The political culture of the State bears a fair amount of blame for this. Tamil Nadu’s electorate has long blurred the line between cinema and politics. Crowds do not attend rallies merely to hear speeches but to worship their demi-gods. Politicians encourage this theatre, choreographing entrances like box-office openings, stoking anticipation with long delays and equating adulation with loyalty.


Nor should the media escape censure. Commentators who screamed themselves hoarse during the 2021 Kumbh Mela stampede, demanding Uttar Pradesh’s chief minister resign, now remain curiously muted. Their silence betrays the double standards that corrode Indian journalism.

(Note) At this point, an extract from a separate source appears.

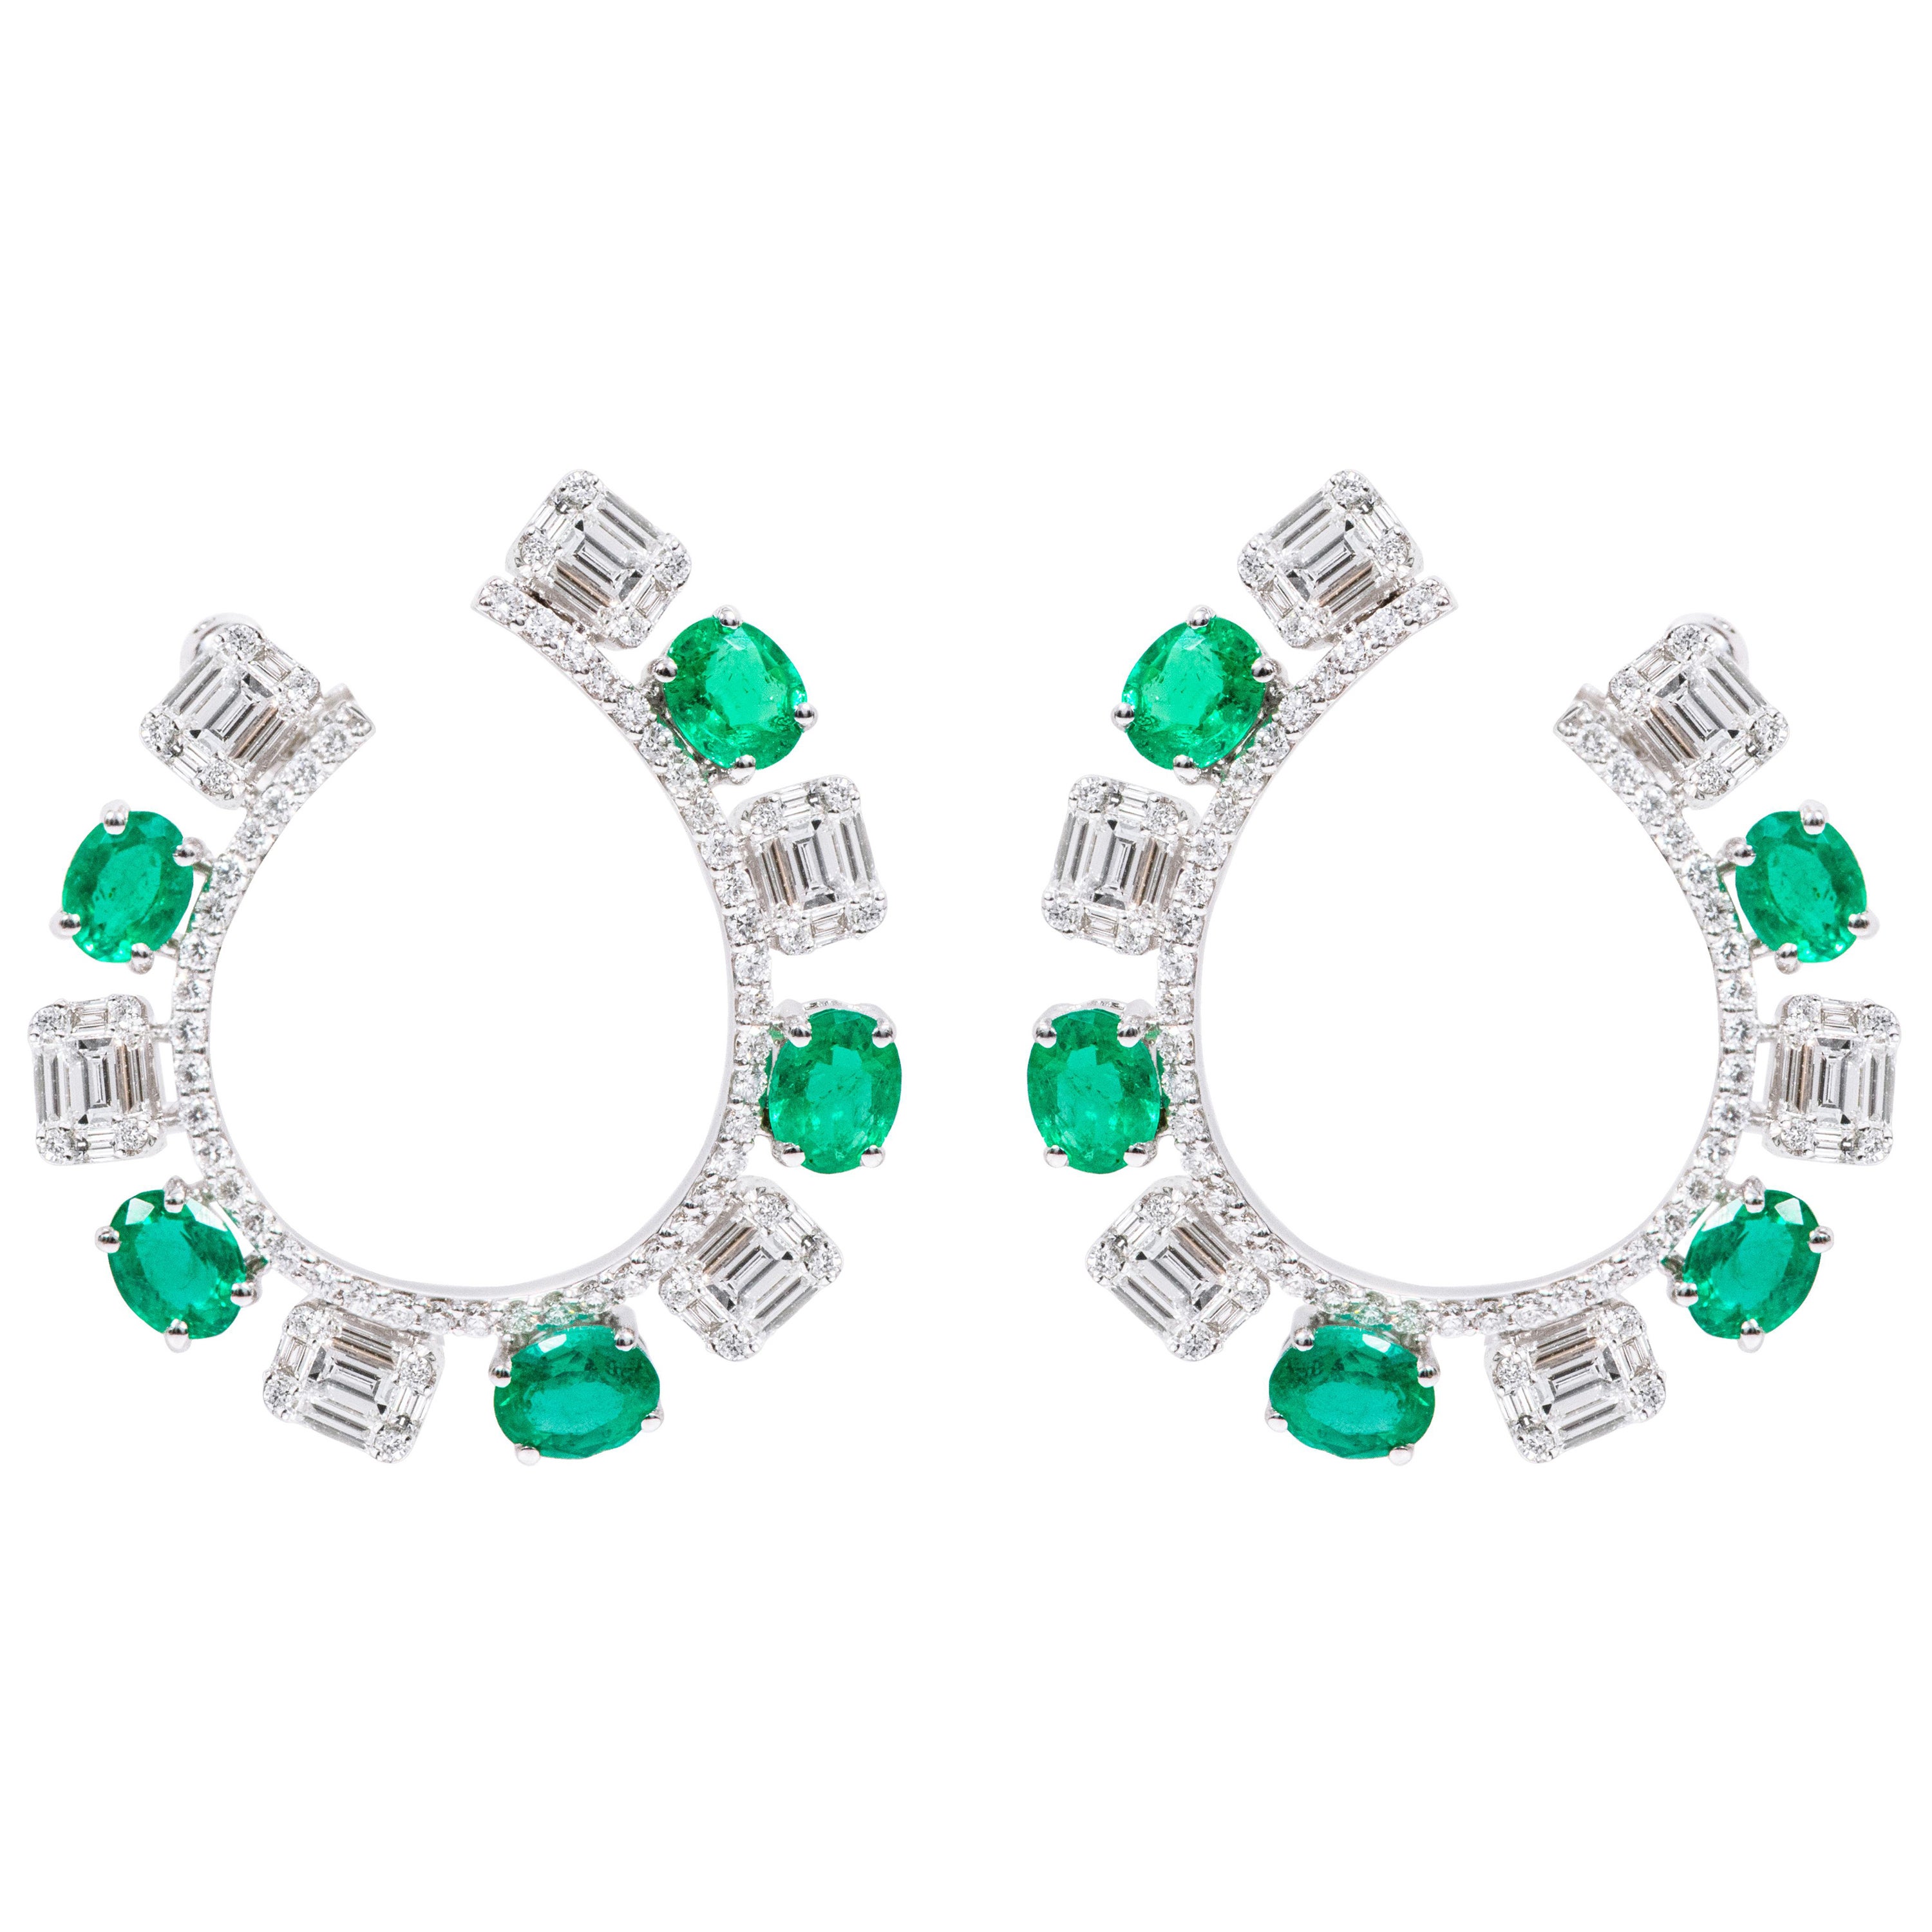 18 Karat White Gold 5.15 Carat Diamond and Natural Emerald Modified Hoop Earring For Sale

Tamil Nadu’s history suggests voters are forgiving of their idols. But a man who presides over the needless deaths of 39 citizens at his very first major rally has shown himself unfit for public responsibility. No apology or compensation will erase the fact that his vanity project cost children their lives.


Ultimately, the blame lies not only with one star, but with a system that prizes theatre over safety. Tamil Nadu is once again reminded that politics is not cinema. In cinema, chaos is scripted. In politics, it kills.